Changes to fees, asset allocations, return targets and risk levels all play a significant role in the performance of each investment option. These factors are subject to change in the future. Each of our investment options has a different return target and risk level. When deciding how to invest your money consider your overall investment objectives, tolerance for risk and timeframe for investing.
- SuperRatings Fund Crediting Rate Survey, February 2025. Refer to superratings.com.au for further information about these results. The information is current as at the date of the SuperRatings Survey (released on 19 March 2025). Investment returns are only one factor to be considered when deciding whether to invest. Past performance is not a reliable indicator of future performance.

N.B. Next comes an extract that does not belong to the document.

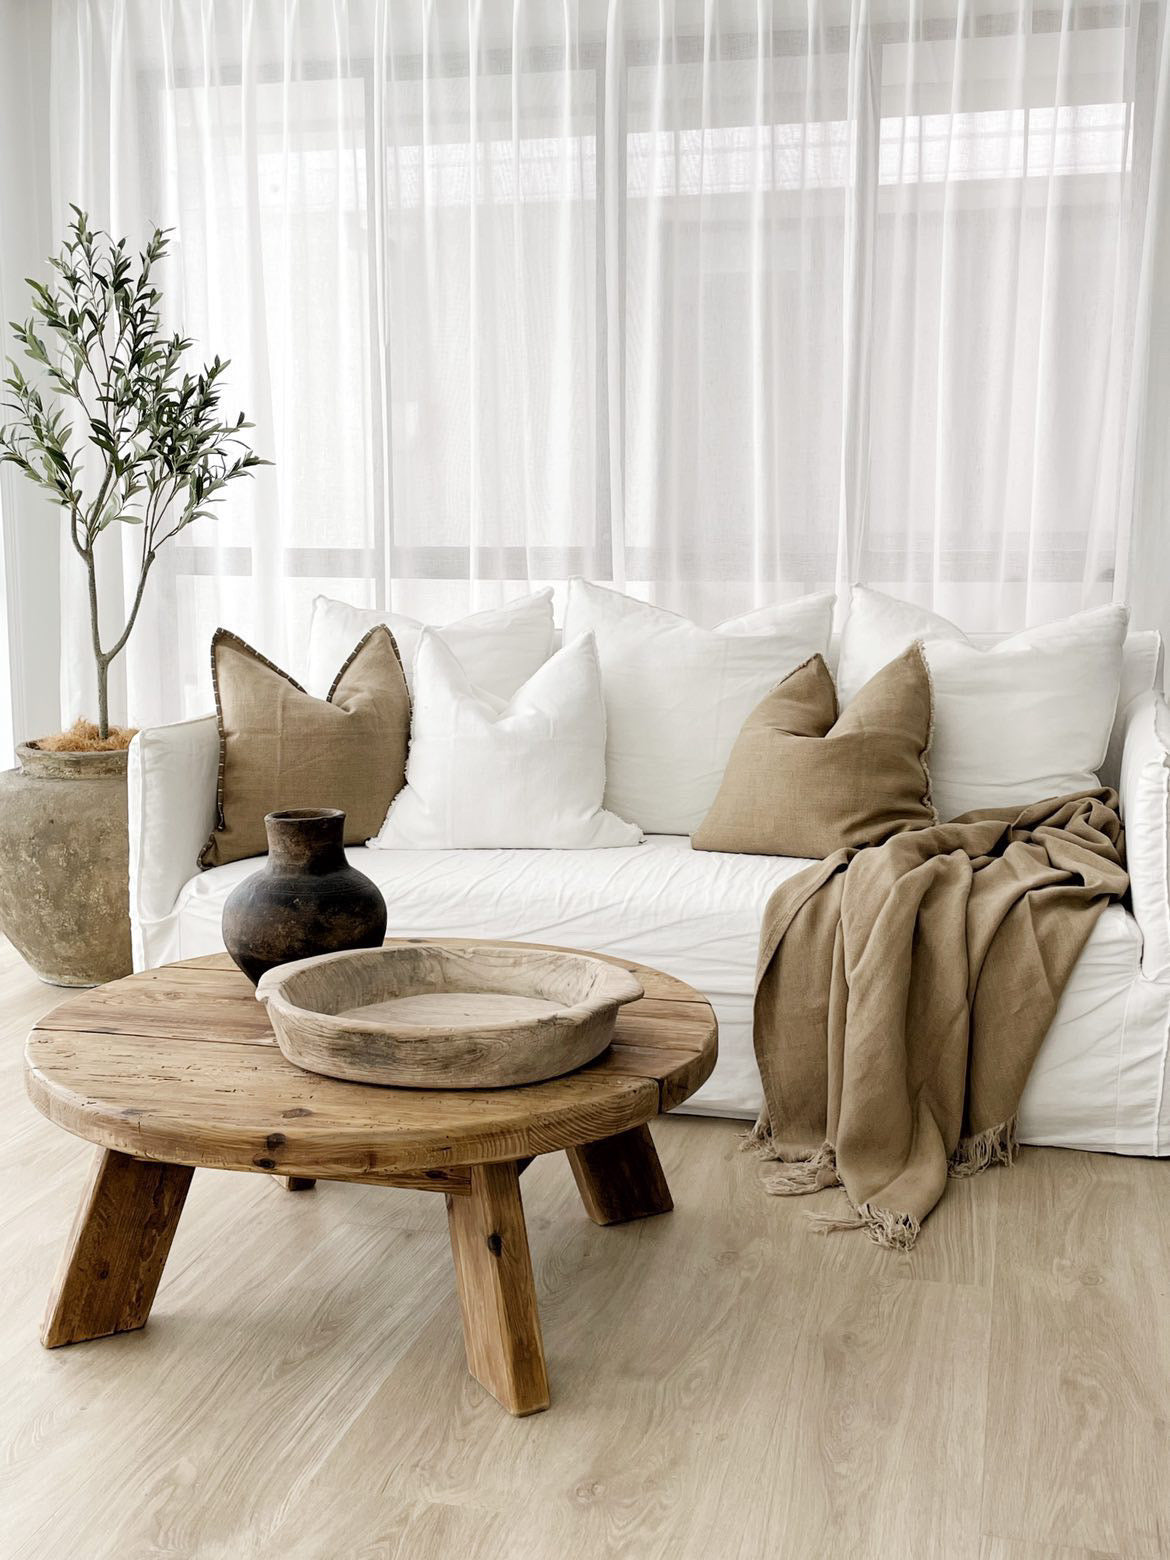 Aspire Stonewashed Linen Cushion - White Wander & Wild 
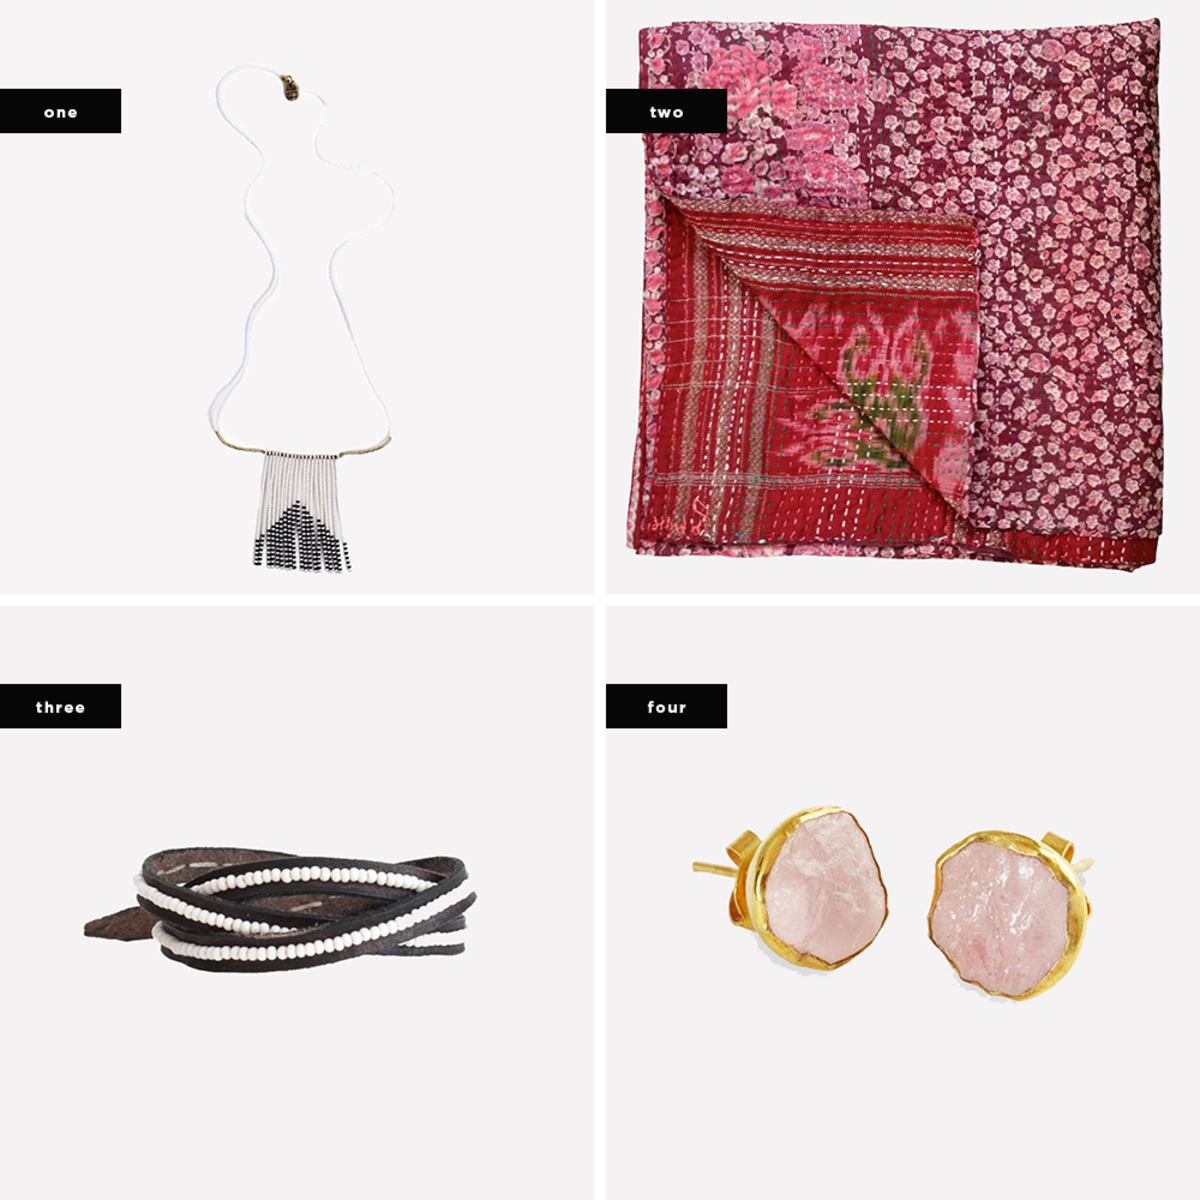 1. Porcupine Naibor Necklace, $60 / 2. Cherry Red Kantha Scarf, $75 / 3. Leather Buckle Wrap Bracelet, $48 / 4. Gold Plate Pink Quartz Studs, $109

Returns are based on daily unit pricing valuations and are net of external investment manager fees, net of taxes and gross of all Brighter Super administration fees for all performance periods.
- SuperRatings Fund Crediting Rate Survey, February 2025. Brighter Super’s options mentioned in this article are ranked in the following SuperRatings index: the Growth option is ranked in the SR50 Growth (77-90) Index for Accumulation accounts and the SRP50 Growth (77-90) Index for Pension accounts; the Balanced option is ranked in the SR50 Balanced (60-76) Index for Accumulation accounts and the SRP50 Balanced (60-76) Index for Pension accounts; the MySuper option is ranked in the SR50 MySuper Index.